The Hawke Sapphire ED 10x42 Top Hinge Bins Arrived

The binoculars arrived ages ago, and there have been a couple of other things to report since then.
I'll most likely spread things over a couple of posts.

First, the binoculars.

Hawke Optics Sapphire ED 10x42. Like these:

I'm very happy with them. I can't really do a proper review, as they are the first set of binoculars I've looked through since being a kid.

What I can say is that when I look through them, I see a big, bright image, in which I can (personally) detect no distortion, and no chromatic aberration. Well, no CA at focus. A white bird on black water shows some delightful extra colour when out of focus, but this disappears entirely when in focus.

They are around £400, so maybe if I looked through some 'alpha' bins, I'd see the difference, and come back to these a little deflated. But without that comparison to be made, I can't fins any fault with these at all.

Also, they feel very robust in the hand. A good weight to give some confidence in quality, but not heavy enough to cause any discomfort. The finish is excellent, with no sign of lifting anywhere.
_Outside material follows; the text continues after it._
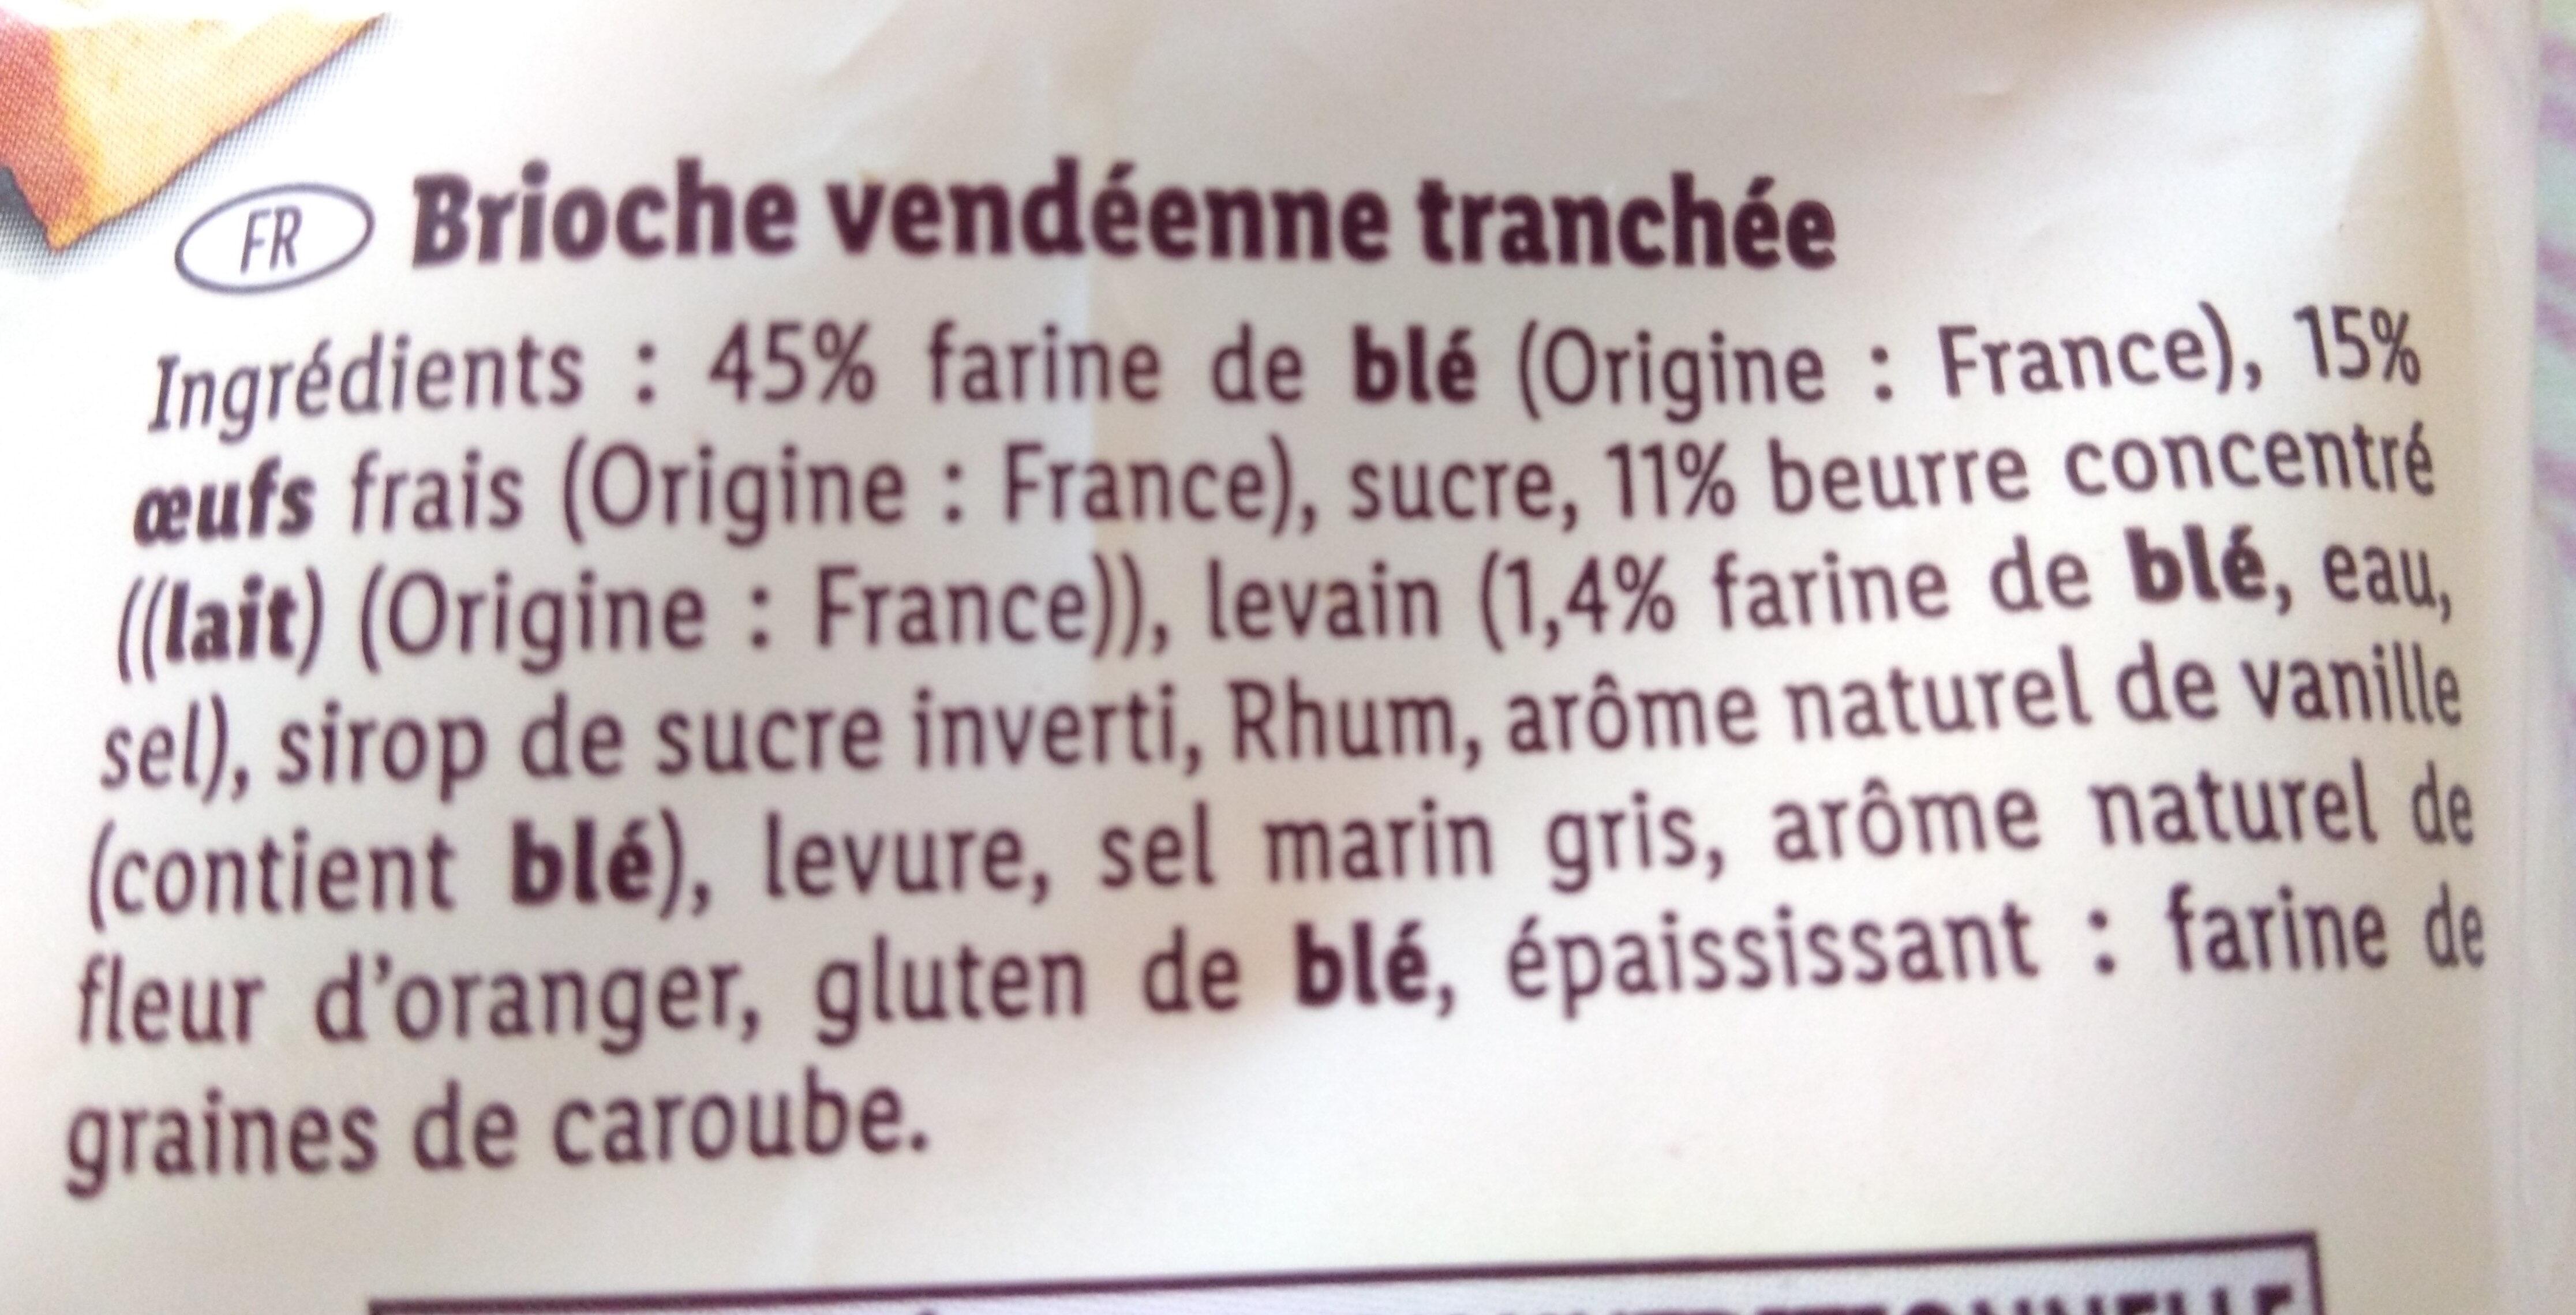 Brioche vendeenne tranchee - Ingredienti - fr
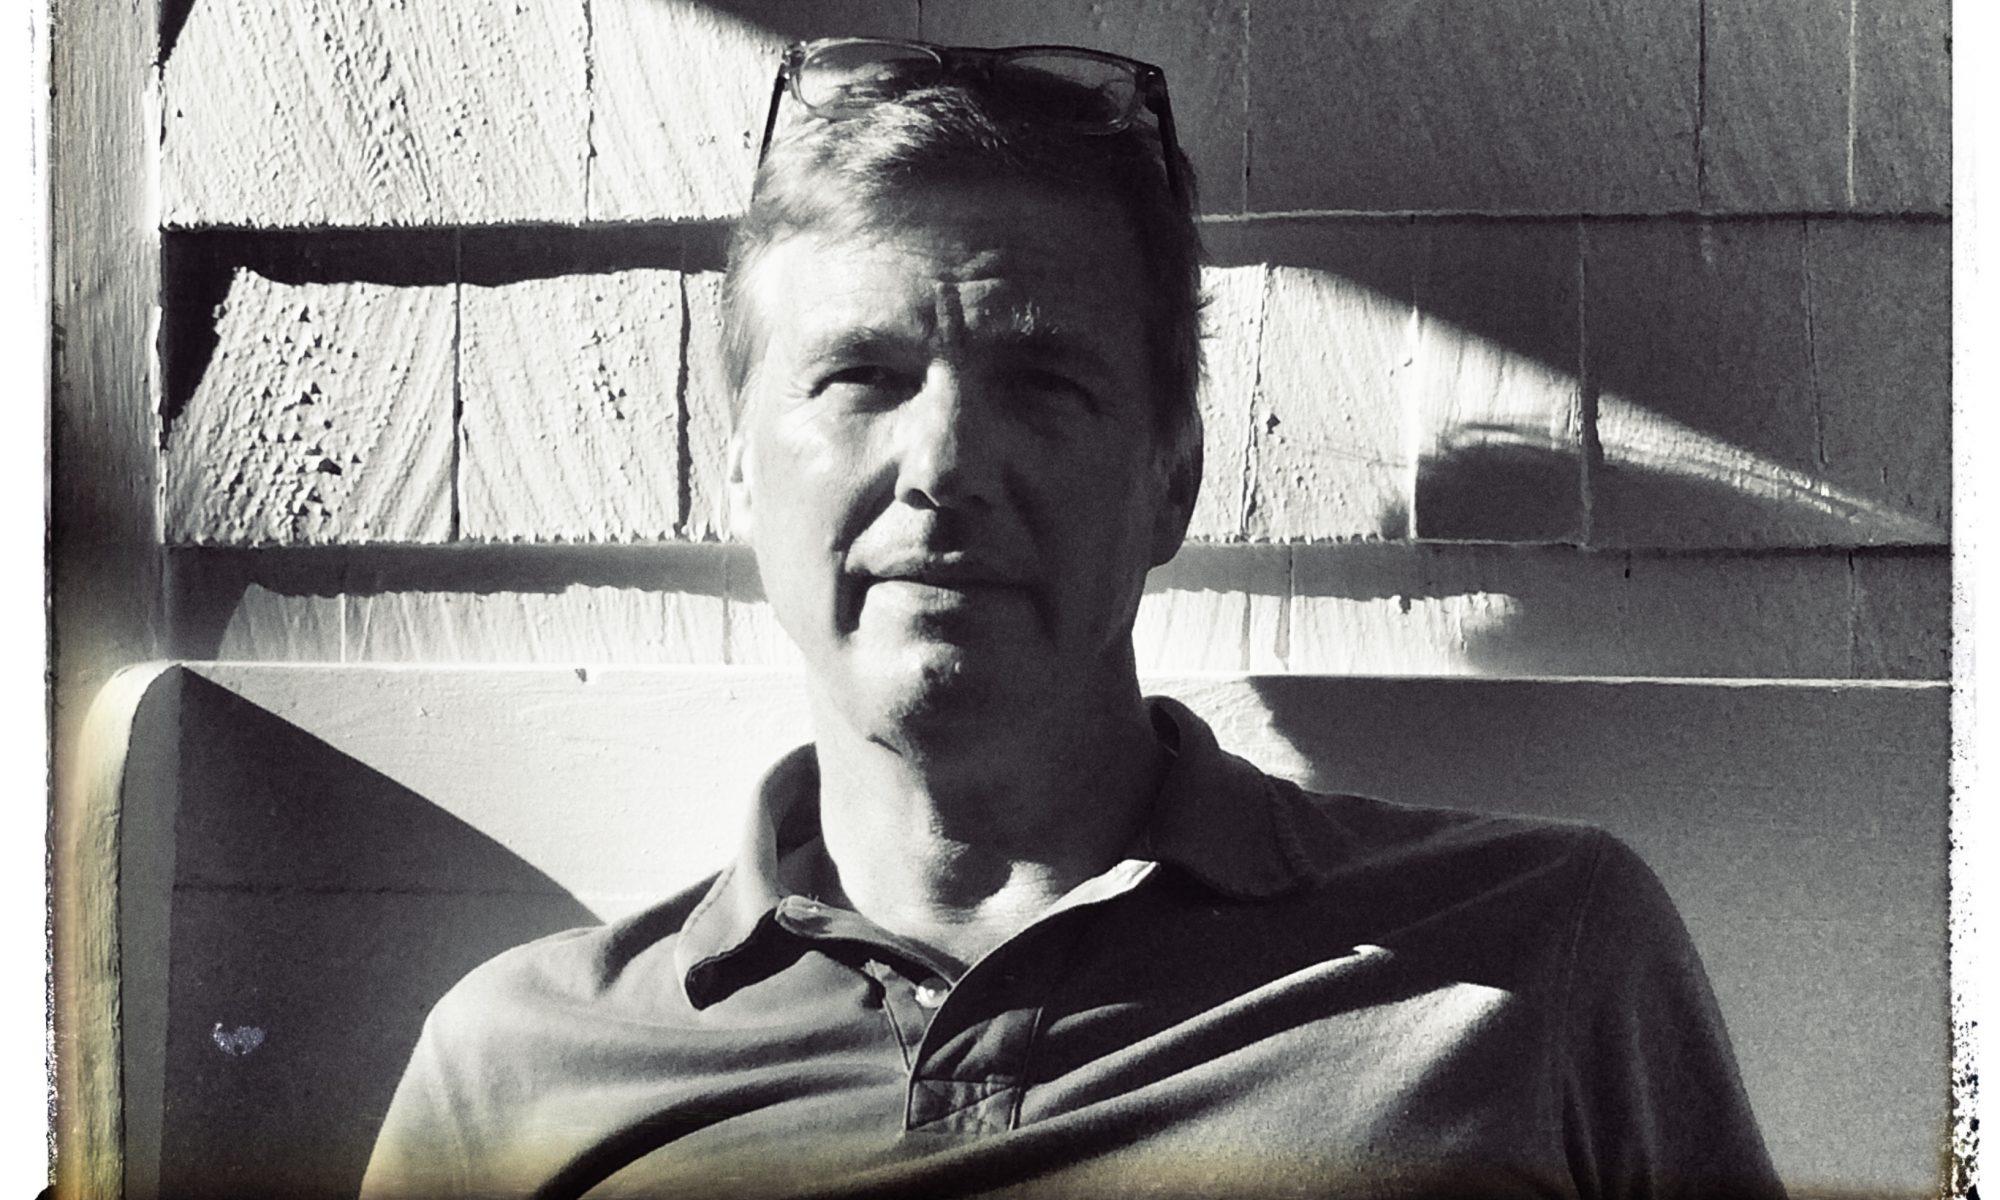 Doug Karlson

The focus action is very smooth, and fast enough for my needs so far. I can operate them one handed quite comfortably.

In all, I would recommend them very highly for someone in a similar position to me (i.e. a complete novice).

So far, they've had an outing to Brockholes Nature Reserve in Preston (which I also seriously highly recommend), and an outing to the Lake district. At Brockholes they were mostly around my neck, and in the Lakes, were in a large outside pocket in my Berghaus shell. They suited both modes of transport very well. The hinge is form enough that the IPD stays put as they are pushed into, and pulled out of, a pocket.

My only minor gripe is that the right eye dioptre adjustment doesn't lock in any way. This means it can be (and it has been) inadvertently adjusted when handling the bins. The problem is that, when using the bins, you then adjust the focus for the dominant eye, and the non-dominant eye will be out of focus. Because it's the non-dominant eye that's out of focus, if the adjustment was not large, rather than noticing there is a lack of focus in one eye, it manifests as just a low level feeling of discomfort.

Mrs Newbie today bought some Bushnell bins for just over half the price of these, and they have this feature, so that's a bit of a shame. Also, the Hawkes only have one click on the eyecups, for three set positions (down-click-up). The Bushnells have about 5 click positions (I haven't counted yet, that's the impression I got when showing Mrs Newbie how to adjust them.)

I'll talk about these Bushnells briefly once we've been out with them a couple of times. One other thing I can mention for now, is that when threading the strap, I had difficulty on one side, as the plastic coating was slightly lifting from the body, and obstructing the strap feeding through. It's only a tine area, and once the strap is affixed, it'll probably never need not be removed again...but it is perhaps a first indication of the difference between £260 for the Bushnells and £410 for the Hawkes?

We did go out today with the new set of bins, but I didn't spend any time looking through them, for two reasons. First, Mrs Newbie has never owned binoculars (even as a kid), so she needed to spend time getting them setup, and wouldn't have been fair for me to change the IPD and dioptre etc.